How much food can I expect to grow in my proposed backyard iAVs?
iAVs has the capacity to produce fish and fresh vegetables sufficient to provide a family with 200 kg of fish and 1,400 kg of vegetables (fruit) per year in a footprint equal to an automobile parking space. *
More detail to be found in this article.
*Assumes a sub-tropical or temperate climate or controlled environment that will permit year-round plant production.
What plants can be grown in an iAVs?
The better question (and the much shorter list) is…”What plants cannot be grown in an iAVs?”
How many plants can I fit in each square metre of iAVs sand bed?
Various plant spacings are provided in Sizing an iAVS.
What bio-chemical role do the plants play in an iAVS?
As long as there are sufficient plants in an iAVs, the pH remains stable at around pH 6.0 to 6.4
When the researchers operated the systems without plants actively growing in the ‘sand-bed’ (biofilter) to act as a living (active) buffer and nutrient sink, the pH of the water rapidly dropped to levels dangerous to fish survival while ammonia and nitrite concentrations increased to toxic levels.
What fish are suited to iAVs (Sandponics)?
Any fish that can be grown in aquaponics can be grown in a Sandponics system.
What stocking density is used for Sandponics (iAVs)?
Stocking density is usually expressed in terms of so many kilograms of fish biomass per cubic metre of water….Xkg/m3. Given that stocking density is, at best, a snapshot in time (and will change on a daily basis) it is meaningless as a productivity measure.
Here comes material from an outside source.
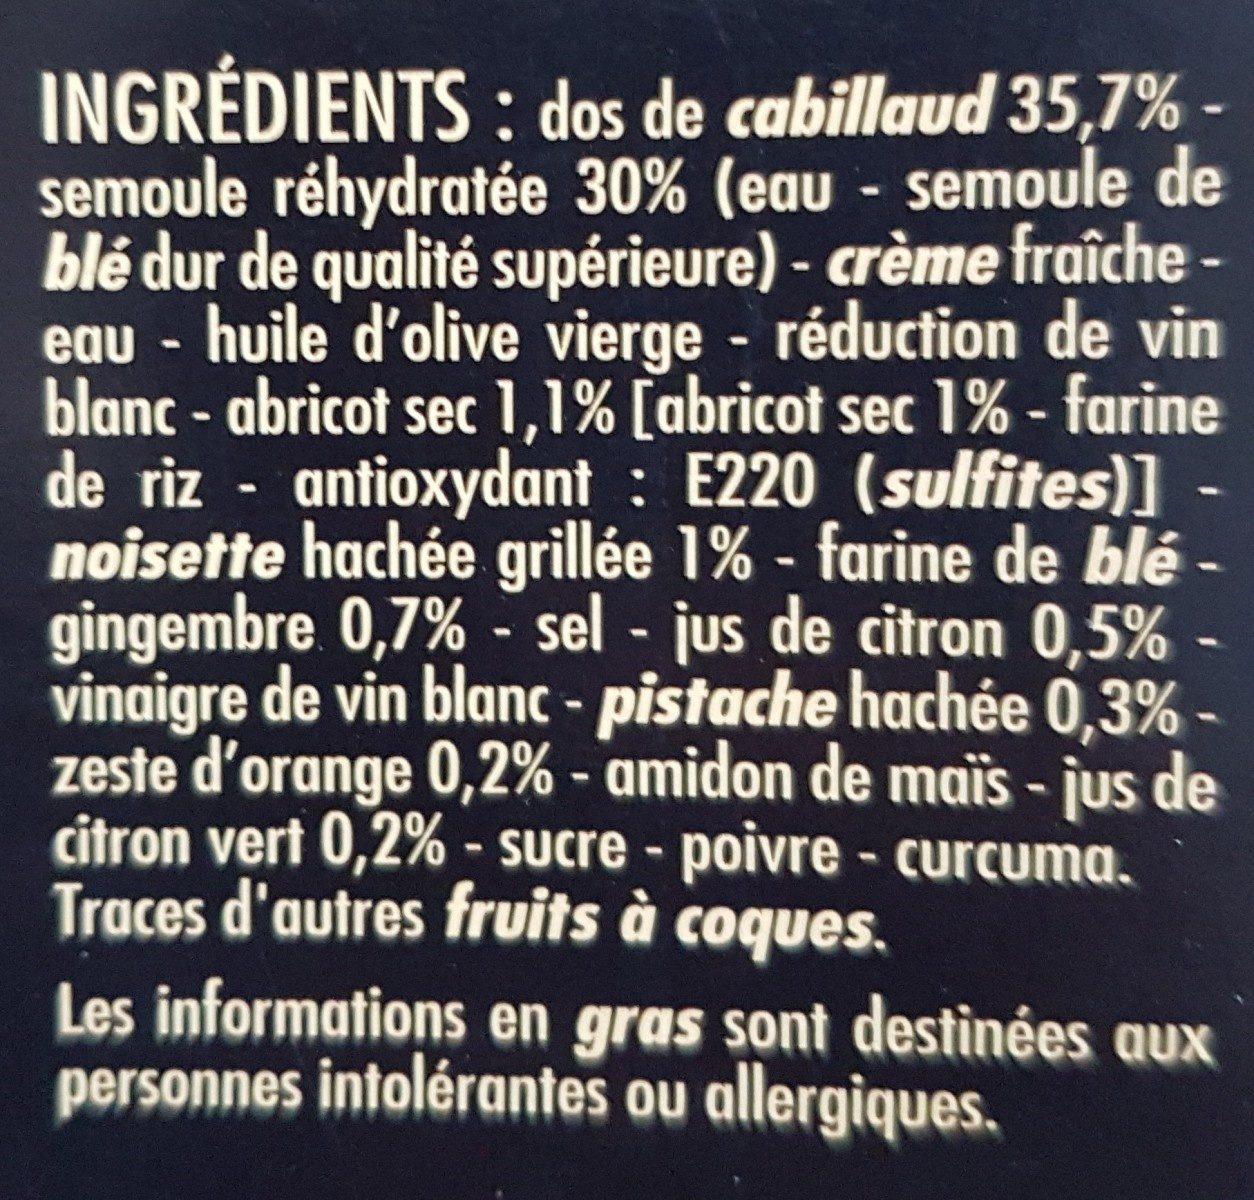 Cabillaud sauce agrumes et semoule aux fruits secs - Ingredients

That said, fish yields ranged from 50 to 70 kg per cubic meter of water per year (0.41 to 0.57 lb/gal/yr) dependent upon the fish tank volume to sand bio-filter volume ratio. Each 1.0kg of fish weight gain provided sufficient quantities of all required plant nutrients to sustain 2 tomato plants yielding 5-7 kg of fruit per plant over 3 months.
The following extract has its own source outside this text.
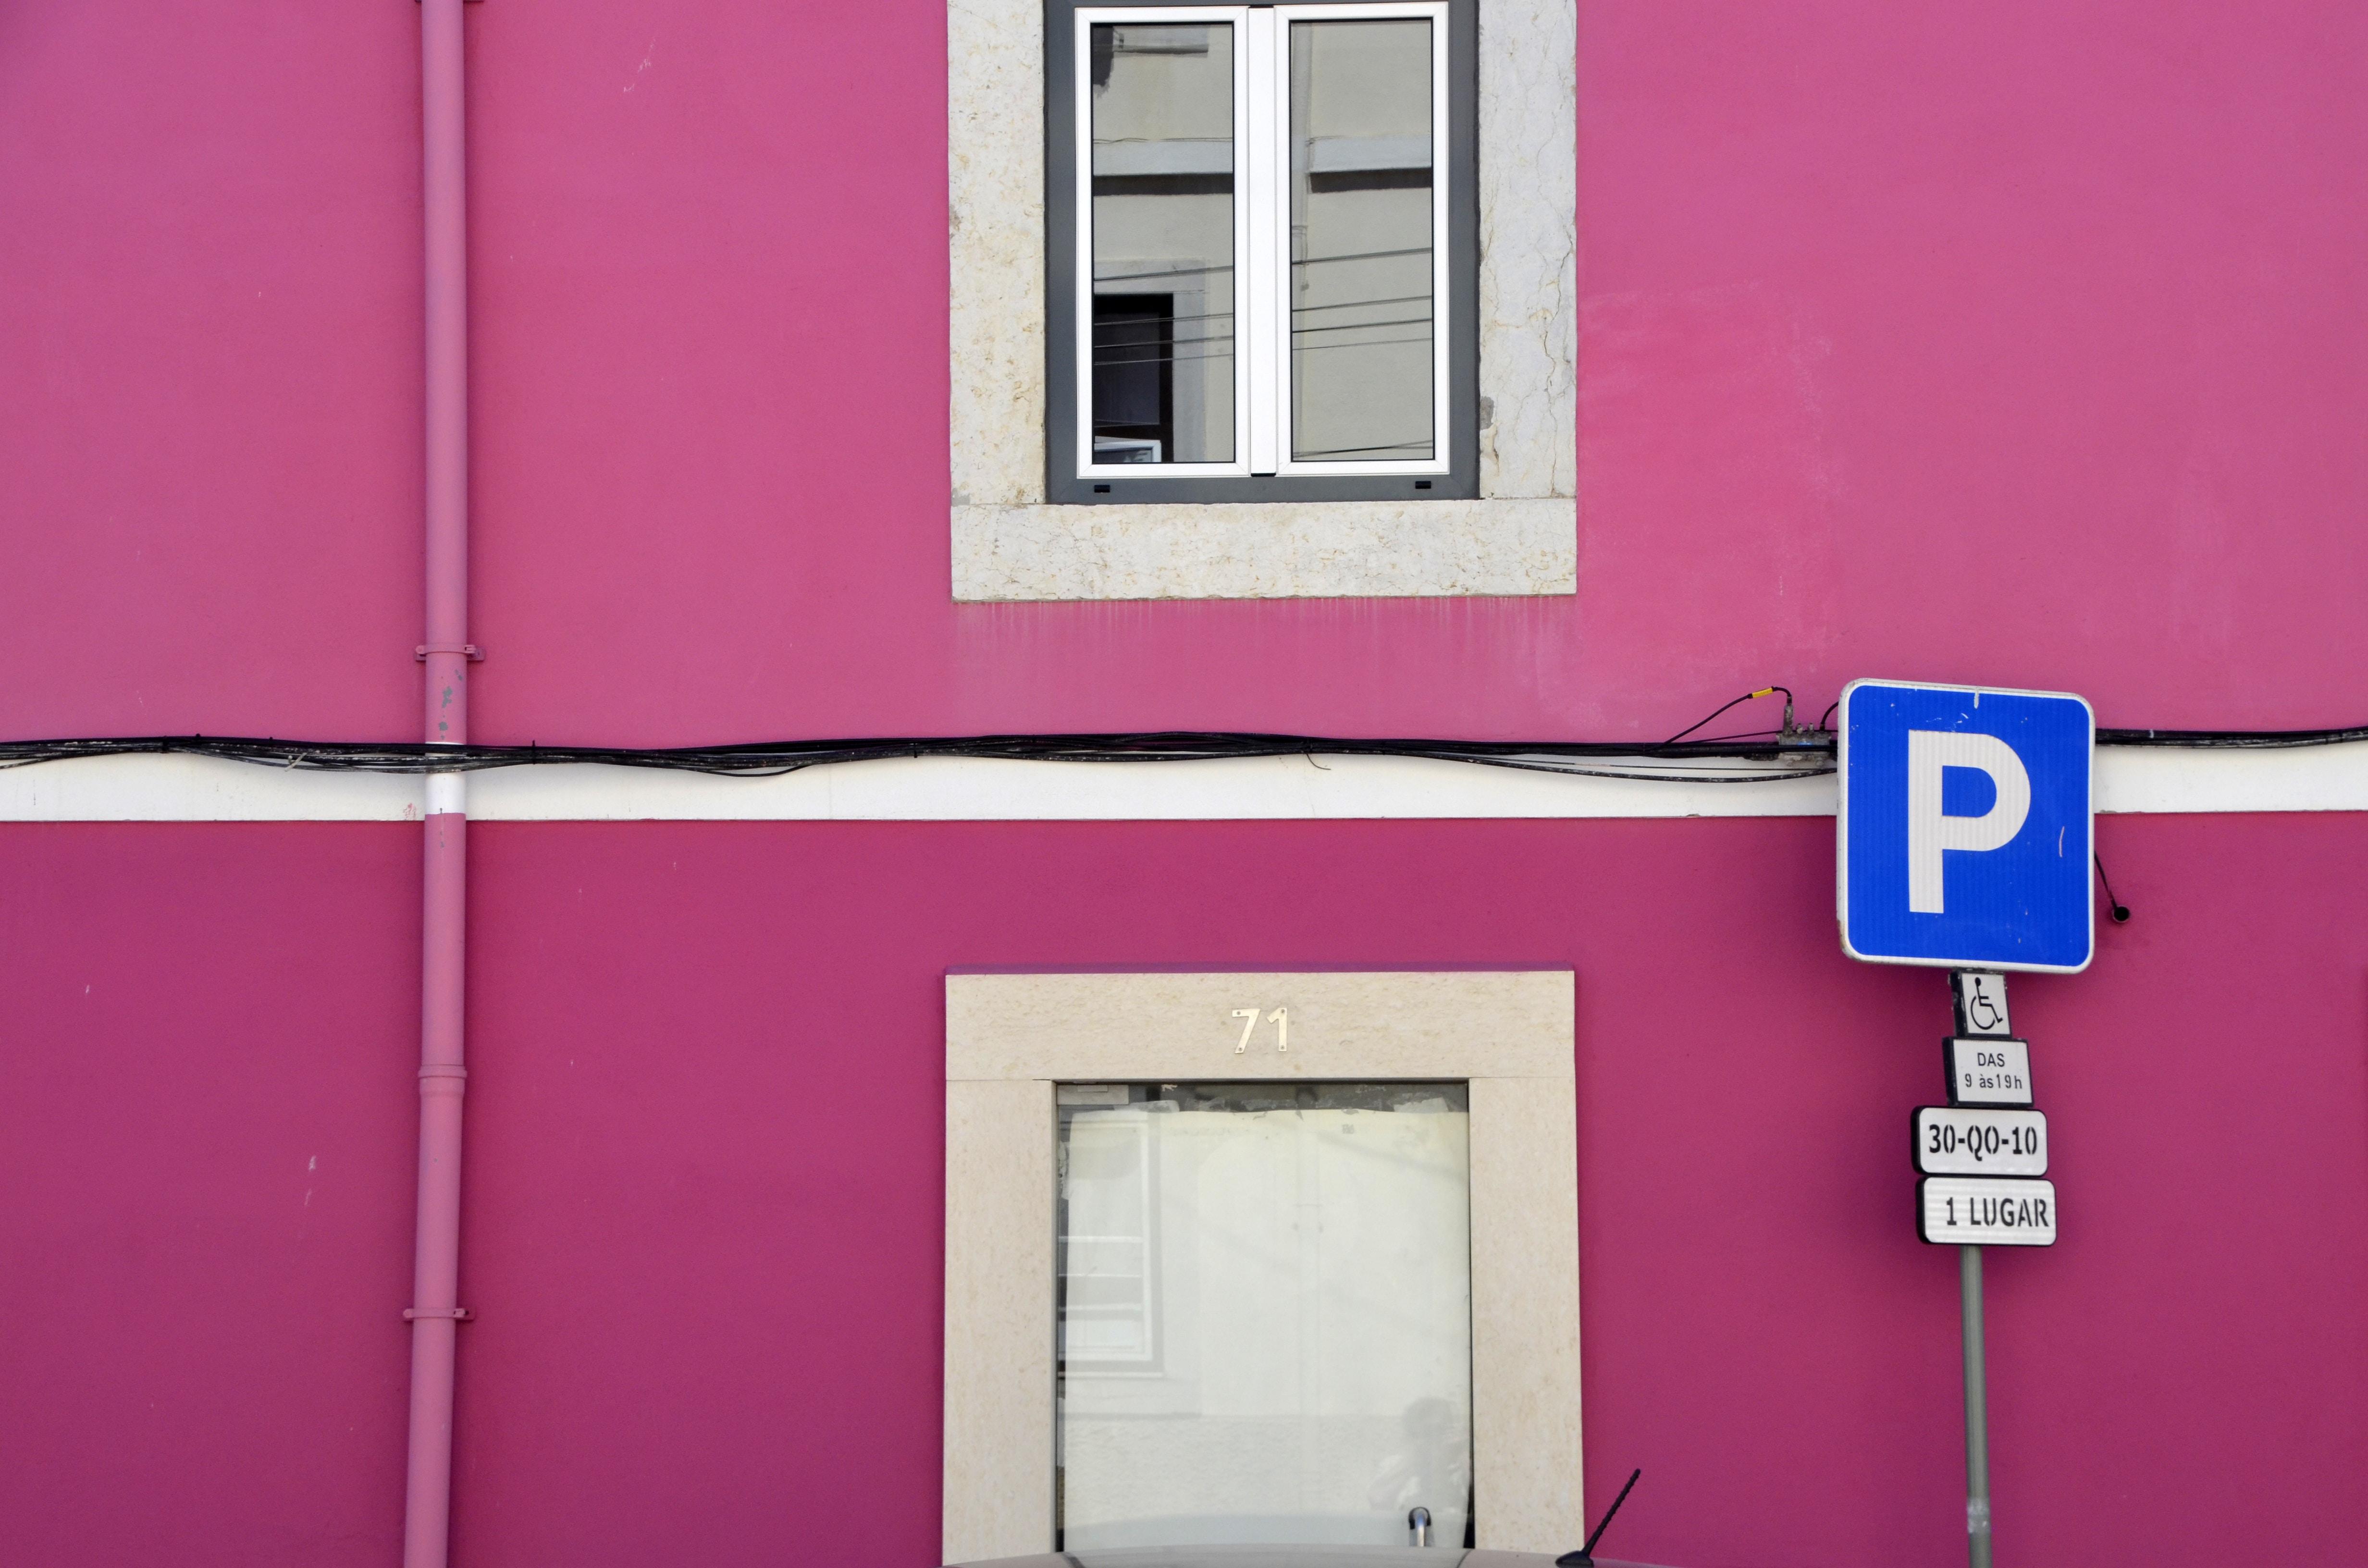 Parking signage near pink concrete building

What feed conversion ratio is achieved by iAVs?
Feed conversion ratios for fish of average market size (0.25 kg) ranged from 1:1.1 to 1: 1.3…depending on the fish tank volume to sand bio-filter volume ratio.
How much water does iAVs use?
Including annualized losses for evapotranspiration and incorporation into biomass (food) at 85% of total input and a seepage loss of 6%, each liter of water utilized by the IAVS technique can produce 6 g FW of fish and 17 g DW of vegetables. Collectively, tilapia and tomato yields result in 0.7 g DW of protein and 7 Cal. (or 7,000 calories) per liter of water used.
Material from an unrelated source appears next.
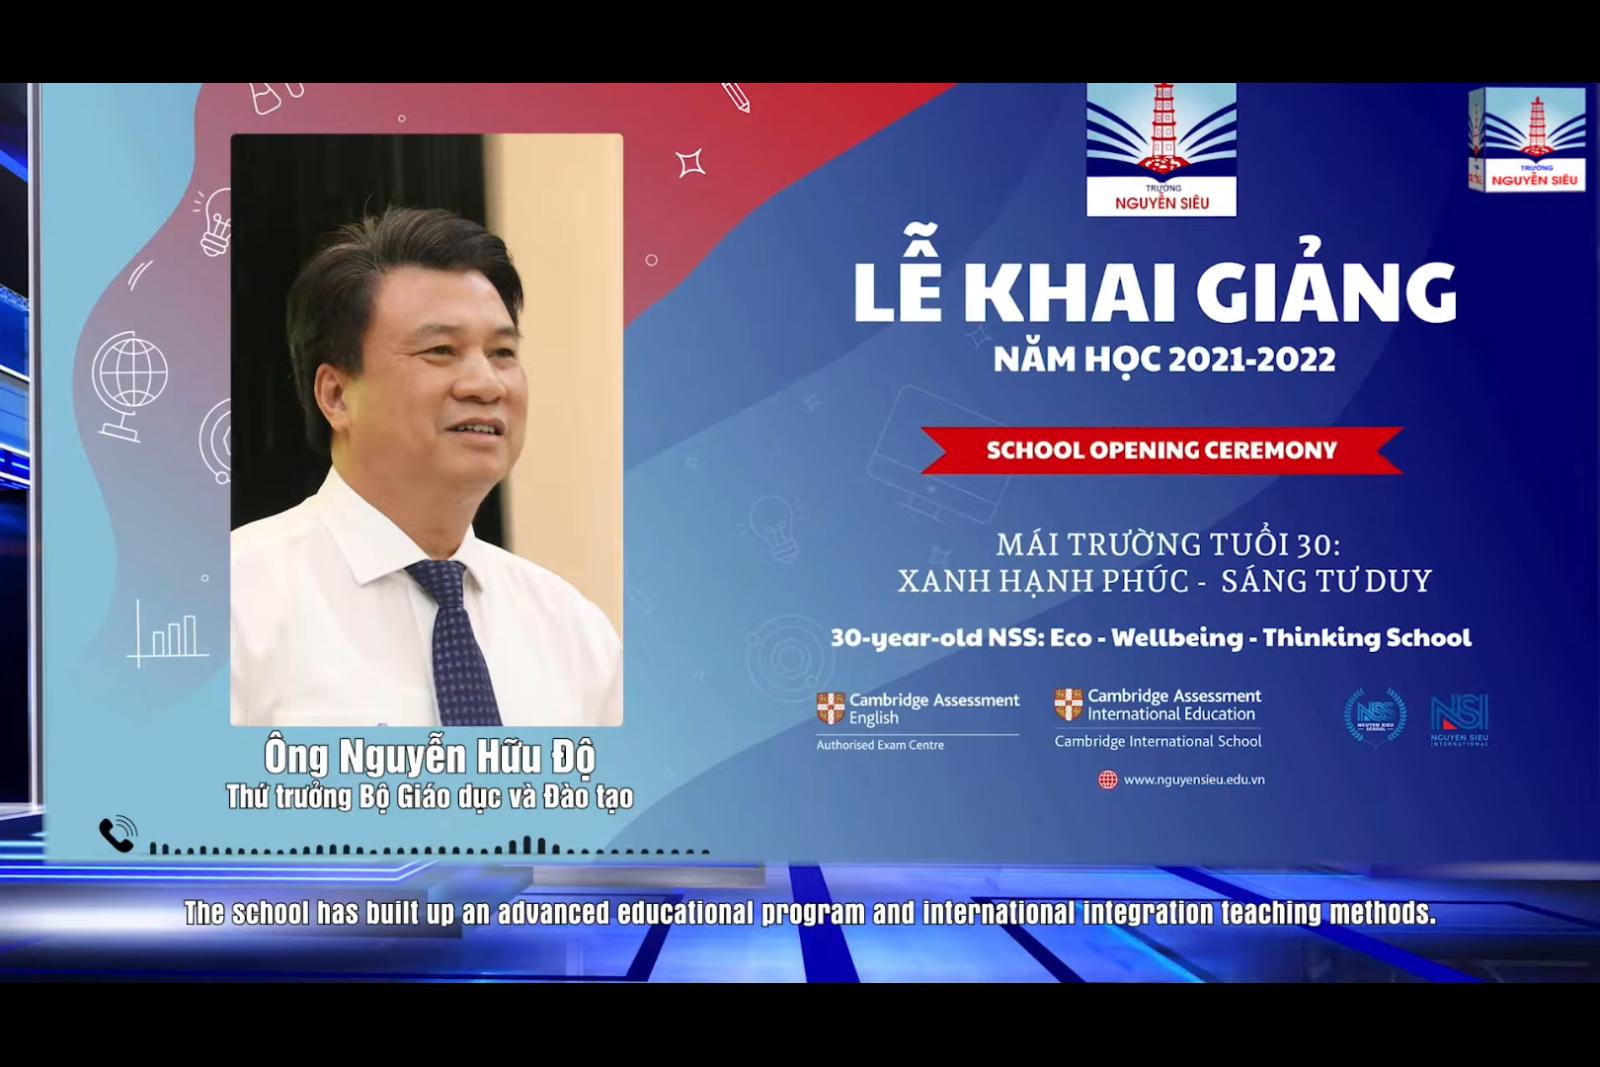 Chúc từ Thứ trưởng Bộ GDĐT và Giám đốc Cambridge Đông Nam Á gửi thầy trò NS

How does the iAVs irrigation regime work?
One of the core goals of the iAVs irrigation regime is to remove not less than 25% of the fish tank volume during each 15 – 20 minute pumping cycle. Assuming correct tank design (sloping/cone-shaped bottom) and pump capacity, all solids will be removed during each pumping cycle and the water will be crystal clear.
- 6:00am (dawn or pre-dawn) – 1st pump cycle of the day starts)
- 6:30am – drainage completed. Feed fish all they’ll eat in 15 minutes
- 8:00am – 2nd pump cycle (1/4 of tank volume, each)
- 10:00am – 3rd pump cycle
- 12:00pm – 4th pump cycle
- 1:00pm – Feed fish all they’ll eat in 15 minutes
- 2:00pm – 5th pump cycle
- 4:00pm – 6th pump cycle
- 6:00pm – 7th pump cycle
- 8:00pm – 8th pump cycle (dusk or slightly after, depending on season and location).
Note: Pump remains OFF overnight.
If you provide these 8 pump cycles of 1/4 tank volume each per day, then you’ll have 2 complete tank exchanges daily and a full tank volume filtration following every feeding. If you do this then solids will NOT accumulate nor reduce dissolved oxygen levels nor stimulate alga growth or disease organisms. The ENTIRE point of filtration (e.g. sand) is the removal of the fish ‘waste from the water column. The first goal is to extract the ‘wastes’, then let the sand filter out ALL of the suspended solids (including the fraction too small to see).
Why are there no irrigation events at night?
If the prescribed irrigation feeding and irrigation regimes are followed…and the system uses tilapia, carp or similarly robust fish species…overnight irrigation of the sand beds is not needed, it saves energy and provides a protracted opportunity for the sand beds to drain while still retaining sufficient moisture to sustain the plants.
It may be applicable to other fish species, too…but that has yet to be confirmed.